%%
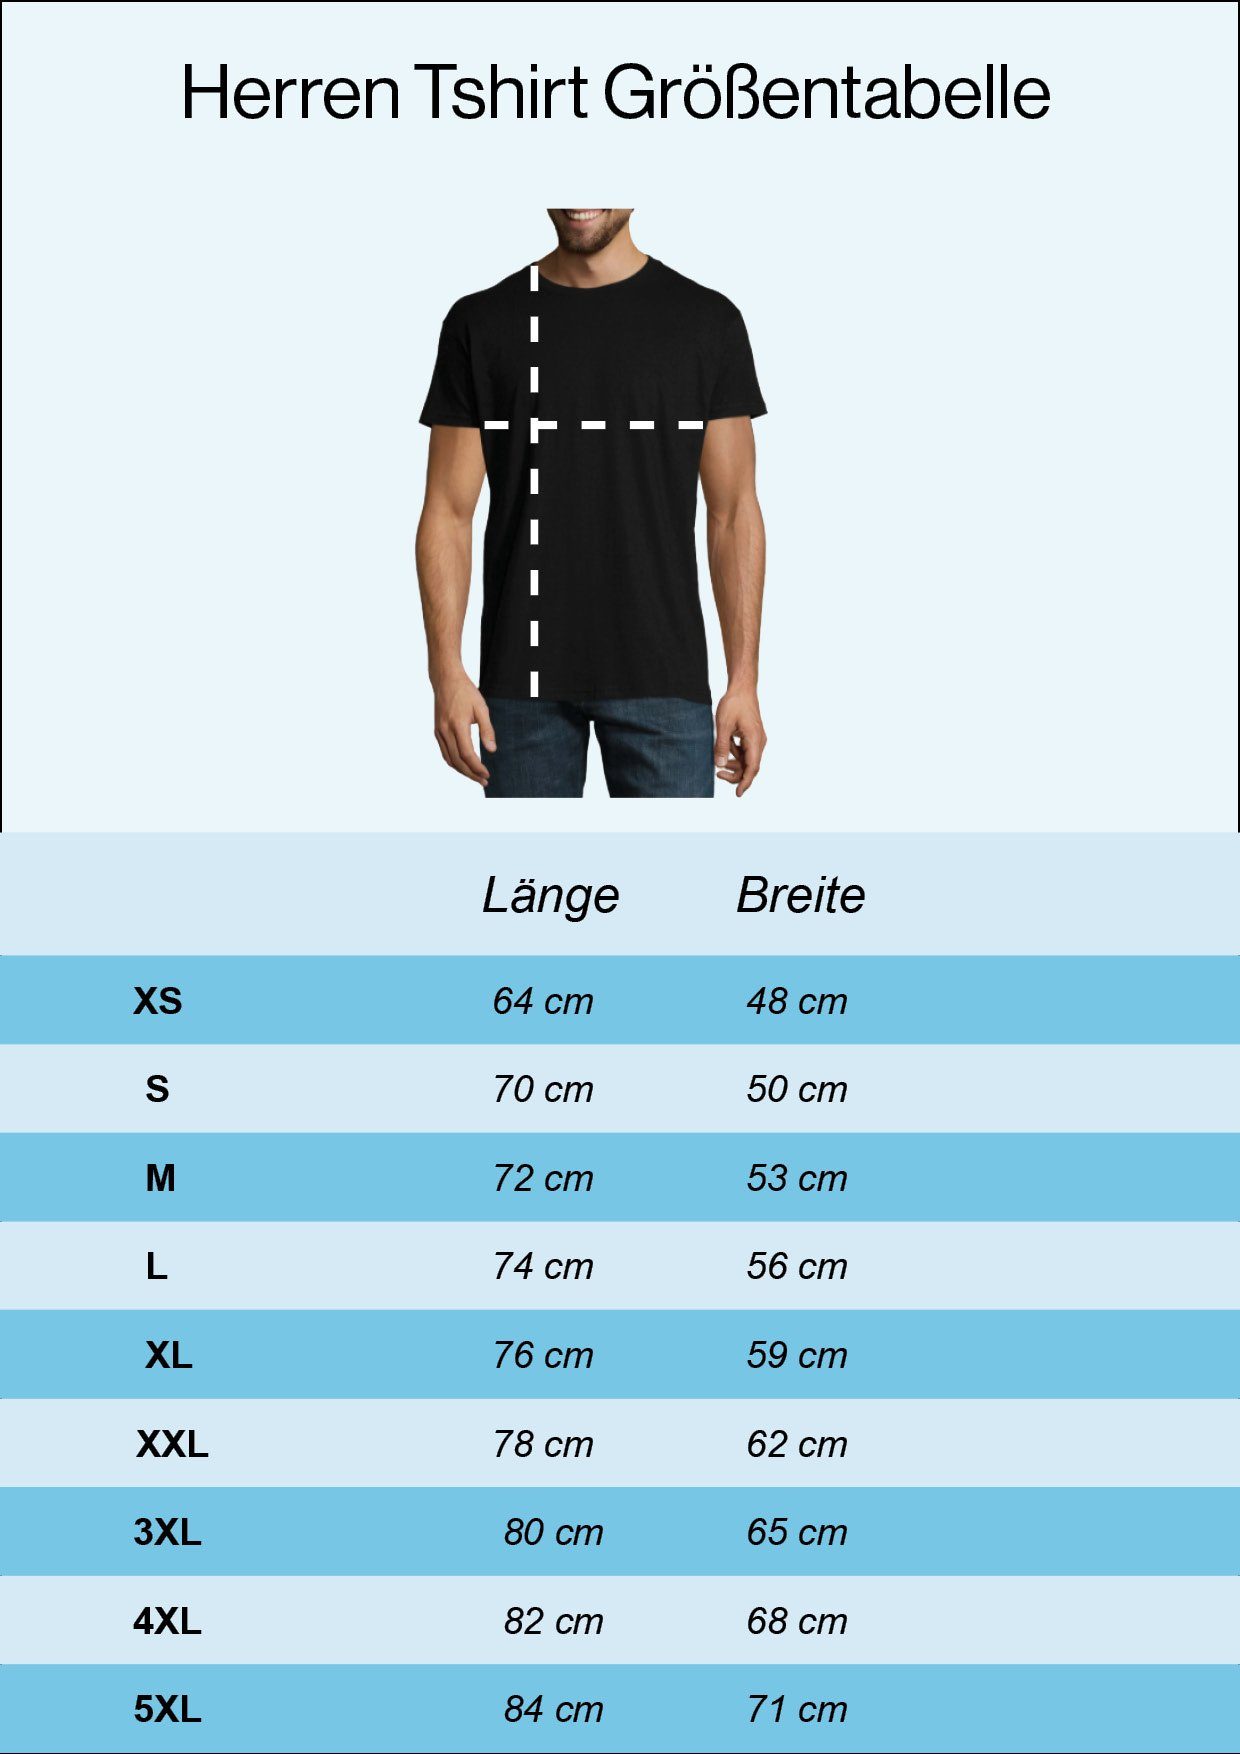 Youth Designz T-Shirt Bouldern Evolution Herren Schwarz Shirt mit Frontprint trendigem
%%
%%
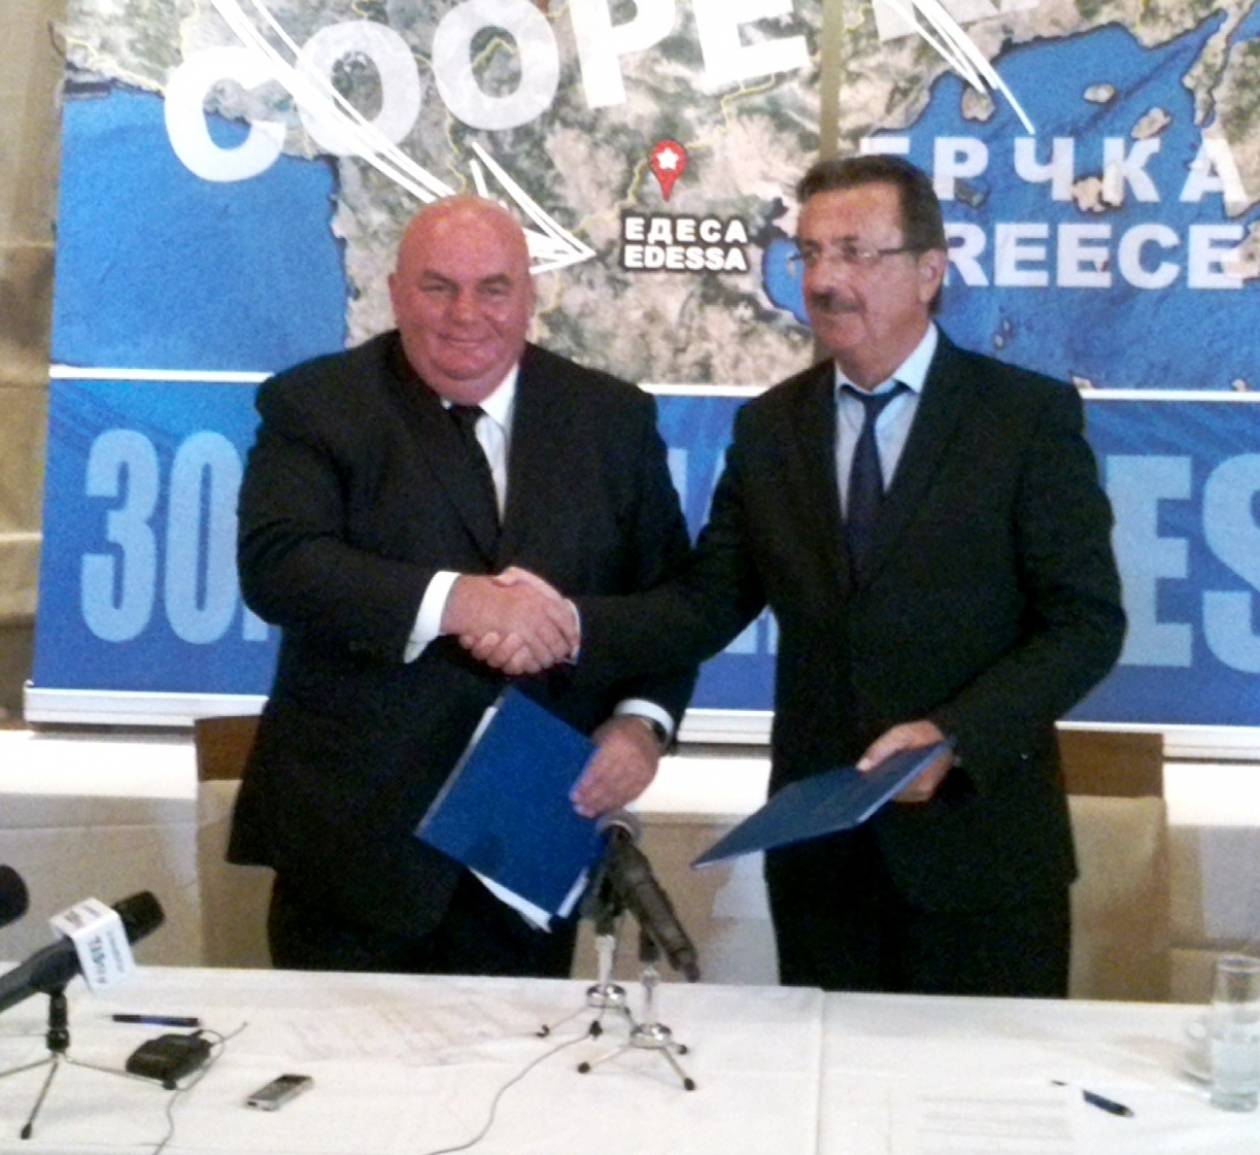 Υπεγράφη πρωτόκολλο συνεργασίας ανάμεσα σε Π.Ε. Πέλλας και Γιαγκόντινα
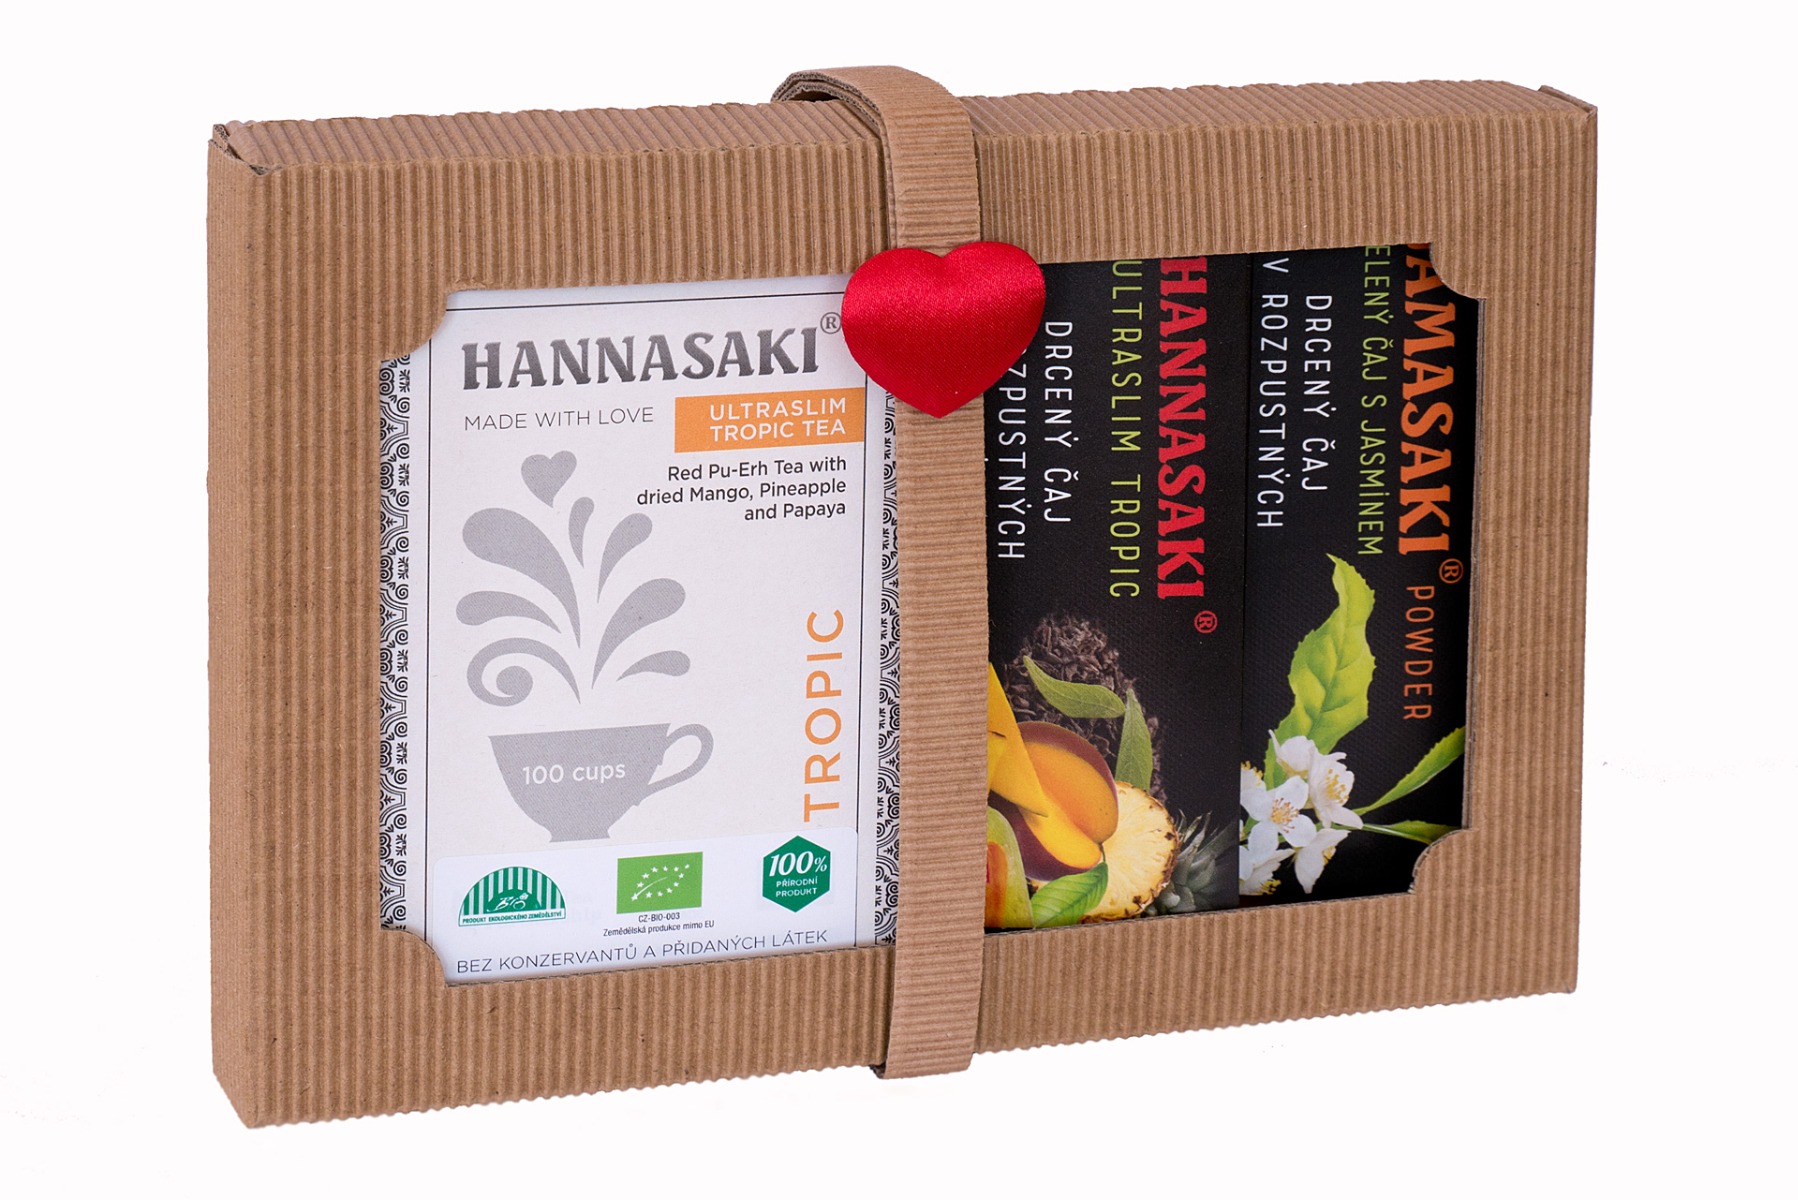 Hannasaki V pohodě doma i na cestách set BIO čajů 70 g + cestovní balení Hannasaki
%%
### Task directions
Each line above from the one containing "Υπεγράφη πρωτόκολλο συνεργασίας" through the one containing "Hannasaki V pohodě" is to be returned verbatim. Nothing else, and no pictures.

### Task solution
 Υπεγράφη πρωτόκολλο συνεργασίας ανάμεσα σε Π.Ε. Πέλλας και Γιαγκόντινα
 Hannasaki V pohodě doma i na cestách set BIO čajů 70 g + cestovní balení Hannasaki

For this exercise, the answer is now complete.